Тысяча против полутора сотен – это чересчур. Кроме того, на помощь ей спешила вся оставшаяся конница, мгновенно развернувшаяся назад и спешившая к месту сражения. В хвосте колонны Мстислав сознательно поставил самых лучших, самых быстрых и самых опытных.
Вконец растерявшись, Константин попытался все-таки прорваться к городу, но отчаянные усилия оказались тщетны. На одного убитого рязанского дружинника приходилось двое, трое, а то и четверо погибших врагов, но тех такой размен вполне устраивал. Когда сотня бьется против восьмисот – это, пожалуй, еще хуже, чем полторы против тысячи. Тем более что сотни эти и не собирались уничтожить всю дружину. Их вполне устраивала тысяча гривен за одну единственную голову, и именно вокруг этой головы, которая пока что держалась на плечах, все теснее и теснее смыкался зловещий круг.
Константин, привстав в стременах, бросил затравленный взгляд по сторонам. Бесполезно. Полукольцо все плотнее охватывало редеющие на глазах остатки рязанской дружины. Без подмоги было бесполезно и думать о том, чтобы вырваться, и… подмога пришла.
Вот только пришла она к врагам – один за другим завершали обратный переход черниговские, новгород-северские, турово-пинские и полоцкие дружинники, которые тут же присоединялись к атакующим. Полукольцо уже сменилось кругом, железным обручем, который все сильнее стискивал рязанцев.

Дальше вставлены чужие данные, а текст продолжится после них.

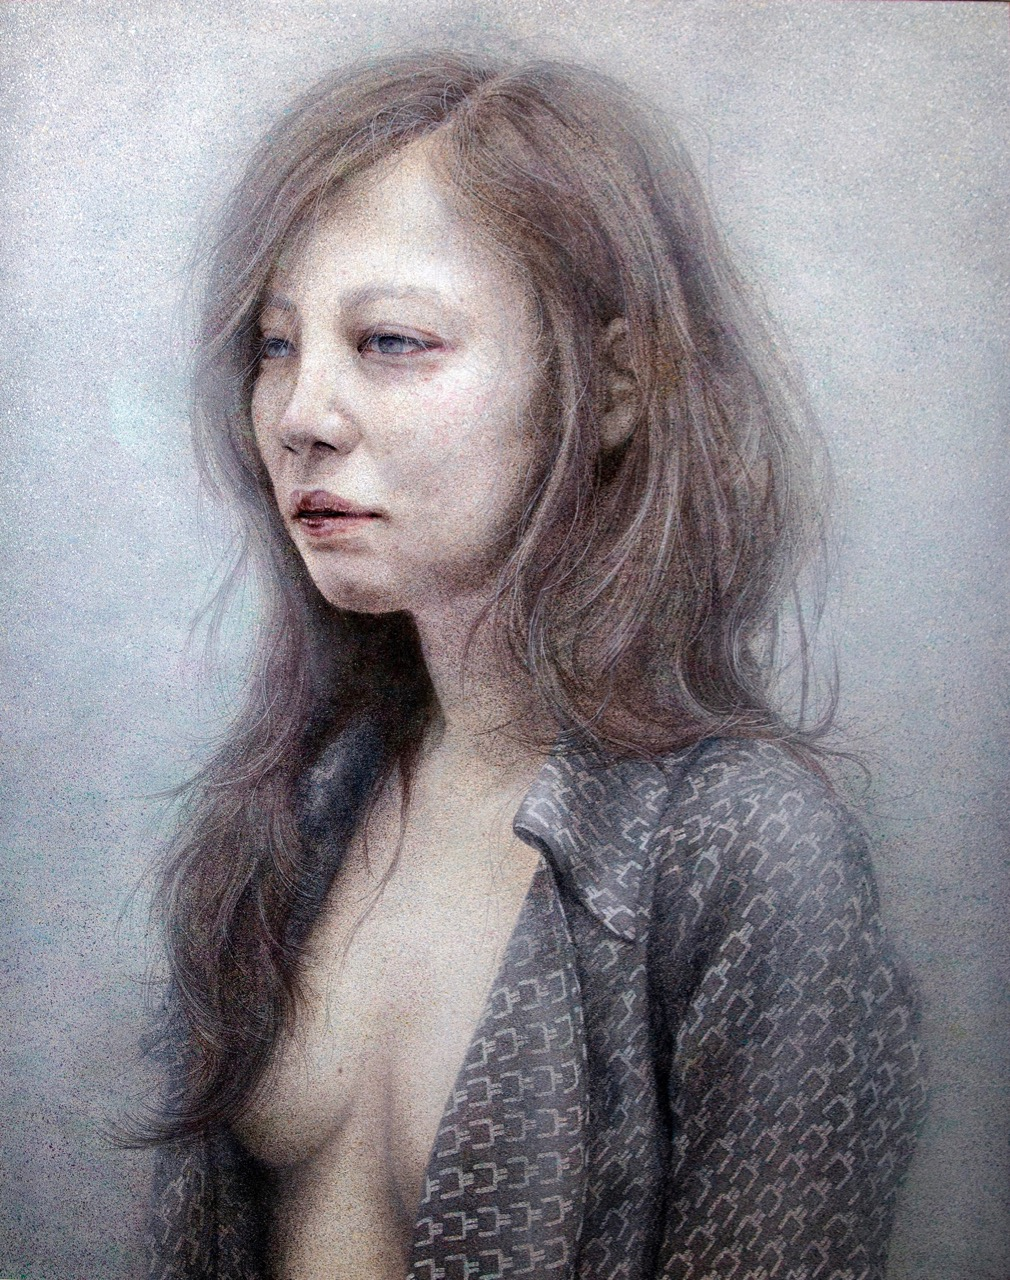 NACHI Satoko

Оставалось надеяться на чудо, но как часто в жизни доводилось кому-либо видеть его, настоящее, пусть хотя бы один-единственный раз? То-то и оно.
До ростиславцев хоть и с опозданием, но дошло, что нужно немедленно что-то предпринимать. С гиканьем и истошными криками, стараясь отвлечь внимание от окруженных, из городских ворот выскочили еще две сотни конных. Это была самоубийственная атака с единственной целью – отвлечь на себя внимание. Плохо обученные, на крестьянских, а не боевых конях, местные ратники, тем не менее, были готовы на то, чтобы сделать все для спасения князя, но до места схватки нужно было проскакать целых четыре версты. Не успели они преодолеть и половину, как бой практически завершился…

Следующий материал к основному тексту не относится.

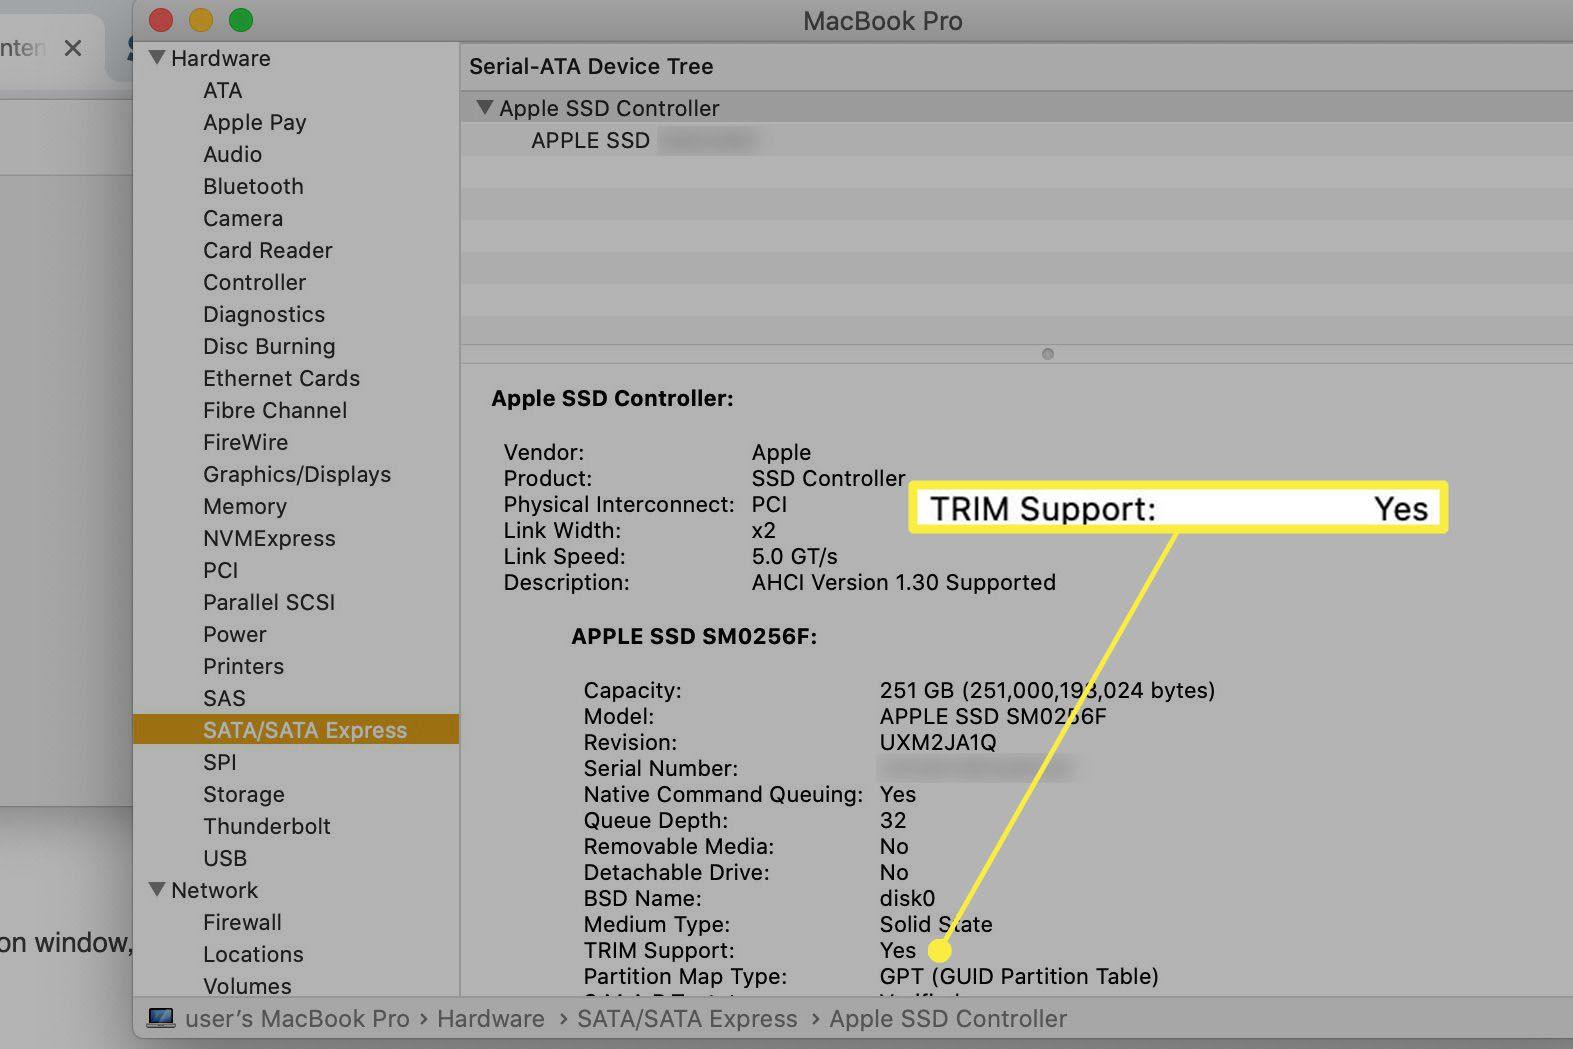 TRIM Support setting.

Оставалось только одно – повернуть назад и успеть вернуться в город, не внося на своих плечах врагов. Потом еще одно, потяжелее, но все равно обязательное к исполнению – не предаваться унынию. С этим труднее – сердцу не прикажешь, во всяком случае, так вот, сразу. Хоть немного времени надо – кровавые слезы утереть. Но тут враг помог, сам того не желая – на штурм пошел. Хорошо-то как. Ведь нет лучшей тризны по другу, чем на его могилу кровь врага пролить.
Ну, давайте, давайте, смелее подходите!..
Глава 14
Толмач и гонец
Пролетают полночные птицы
Над ладонями стынущих рек,
И костер пограничный клубится
У бревенчатых русских засек.
В. Силкин
Юрий Кончакович еще на подходе к Ряжску смутно почуял, что тут пахнет не просто малой поживой, которую он порешил было великодушно подарить своим воинам. Чего мелочиться, когда с этой крепости навряд ли удастся выжать больше десятка серебряных гривен.
Он же поначалу решил было вовсе пройти мимо нее, оставив пару тысяч для ленивой осады, чтобы только не выпускать из нее воинов. Впереди его ждали многочисленные богатые селища, густо облепившие реку Проню, будто пчелы улей. В завершении же похода, как венец всему, перед ним открывалась беззащитная Рязань. Как ему донесли черниговские князья, лишь кое-где вкруг своего стольного града князю Константину удалось поднять стены только до высоты одной сажени. Для его храбрых воев это не преграда. Можно вскакивать прямо на конскую спину и с нее прыгать на стену.
Да, Рязань в том году здорово погорела, но это относится лишь к домам. Серебро и золото в огне не горят, разве что плавятся, но они вполне устроят его и в таком виде.
Жаль лишь, что Котян, который ныне штурмует Пронск, застолбил за собой Ожск, где, по слухам, рязанский князь как раз чеканит из серебра свои монеты. Но это ничего. Котян глупый. Был бы он умен, сразу догадался, что Константин не хранит их в Ожске, а сразу свозит в Рязань.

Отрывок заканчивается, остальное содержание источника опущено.